Dynamic monitoring for dynamic IT


Our analysis revealed that our monitoring system needed to adapt more to changing conditions, and that required us to focus on two key areas: dynamic monitoring and predictions.


Creating such an adaptive monitoring system using the standard agent or agentless monitoring tools is very hard. Monitoring is usually performed on static sites, where we check whether the application or a server is running correctly or at fault, usually based on traffic-light status indicators. But in our constantly changing IT environment, standard monitoring methods that report on static objects like server CPU usage or memory consumption of our Java application will miss many things that could help us prevent the next downtime.


Monitor your business baseline


Dynamic monitoring and predictions are both achieved by looking a bit beyond our static IT and instead considering what it is used for — our business. If you examine how your IT environment is used, you will probably find as we did that there is a seasonality pattern. This usage pattern can inform remarkable monitoring capabilities that you cannot do with standard static monitoring.


Let’s take a simple metric like business usage, which is the number of users that are using the service. The performance of your IT application can be measured not only by whether it is up or down but also by how many users are using it. Depending on the service that your application is providing, you will find that it’s being used more at some points in time and less at others — a pattern that repeats over the course of a week, month or year. For example, you might find that usage is at its lowest post every Saturday, but on Monday it’s at its highest.
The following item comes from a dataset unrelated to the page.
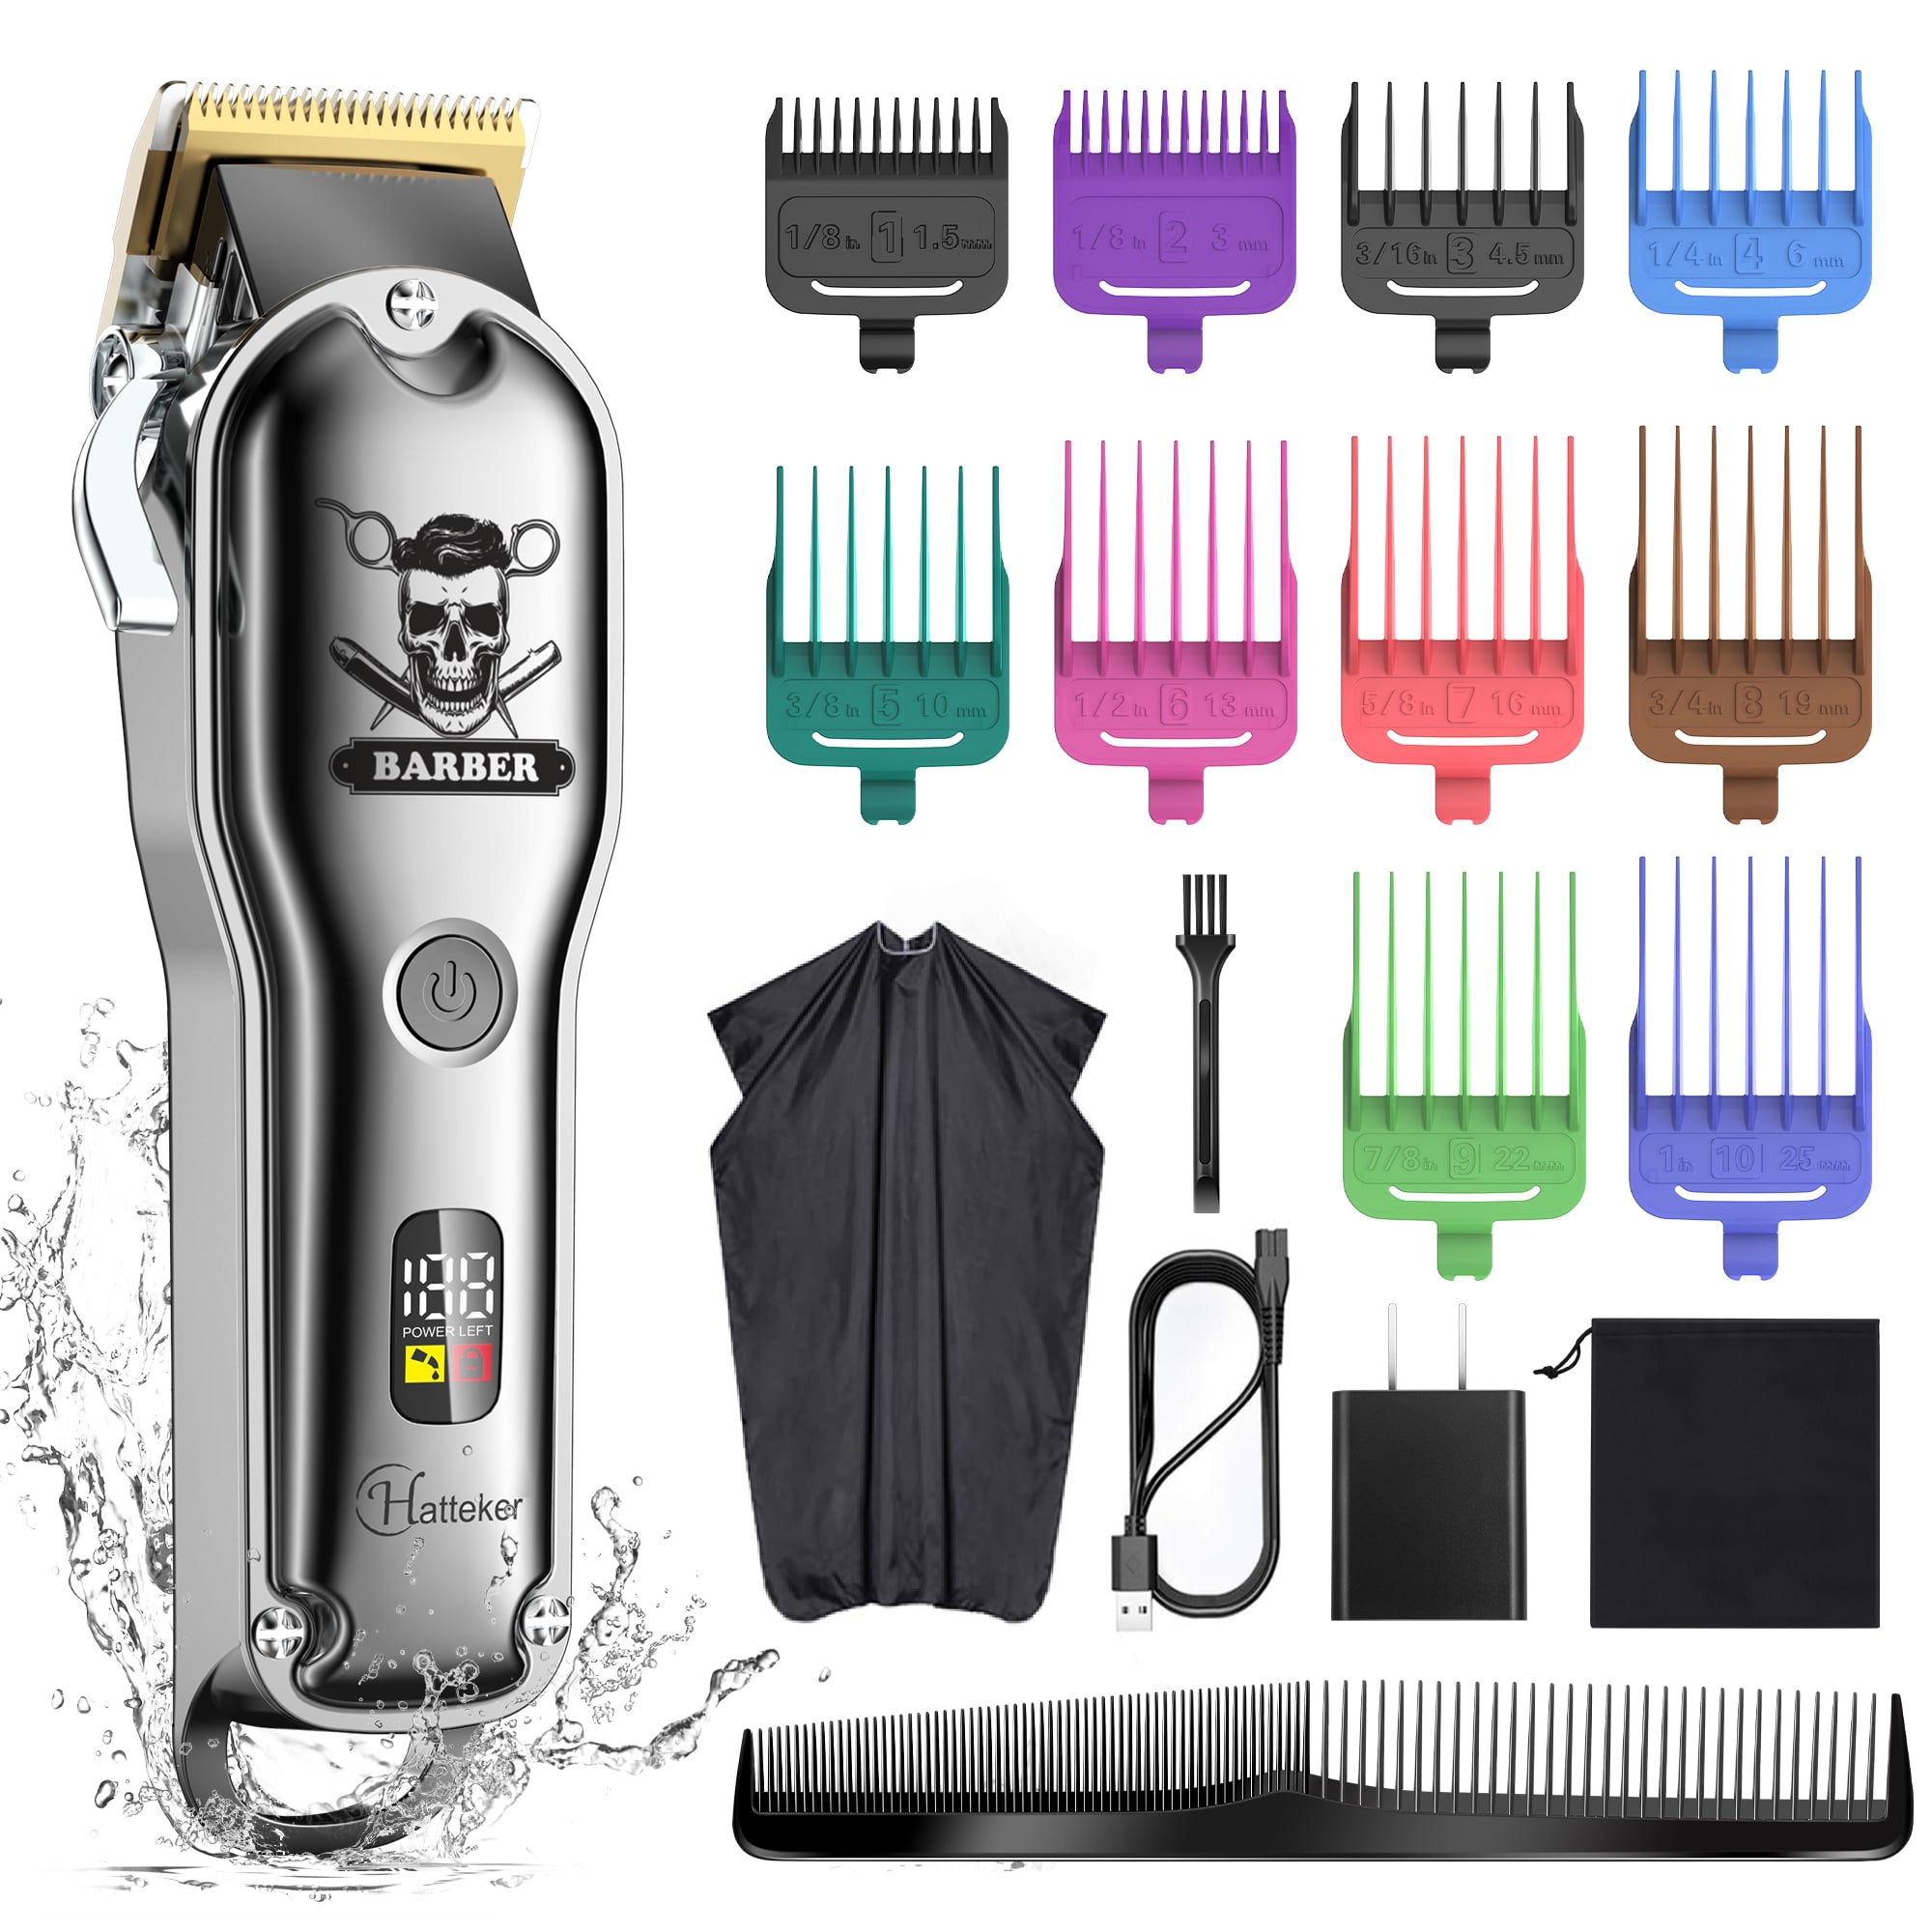 Hatteker Hair Kit Pro Hair Clippers for Men Professional Barber Clippers IPX7 Waterproof Cordless Hair Trimmer Barber Cape - Walmart.com

By harnessing this information you can establish a baseline of known behavior and monitor subsequent behavior for anomalies. These anomalies will indicate problems in places you have never thought you could even monitor before — your ISP provider, your external link to other vendors and even changes in your own business service.


In my case, monitoring from different angles gives me the ability to understand whether there is a problem and determine its priority. It also helps me identify a root cause twice as quickly, especially when it’s not in my environment. For example, my business relies on an ISP to connect users to our systems. When there is a problem with our ISP, standard monitoring provides no indication of it, because it monitors the environment from the inside. But with the baseline monitoring in place, I can know that there is a drop in my business activity — obviously a high-priority issue. Since there are no additional infrastructure alerts, I can start to search for the root cause outside of my environment, including checking external dependencies such as my ISP.


Prediction is the name of the game


The benefits of having your dynamic usage KPIs monitored are enormous. Not only do you no longer have tune any static thresholds, which reduces your maintenance to almost nothing, but the baseline business activity statistics let you know what should happen tomorrow, next week and next month. You can also see the real-time behavior in front of you, and compare it your predicted metrics. If the prediction fails due to a fault in any aspect, you can move as quickly as possible to find the fault.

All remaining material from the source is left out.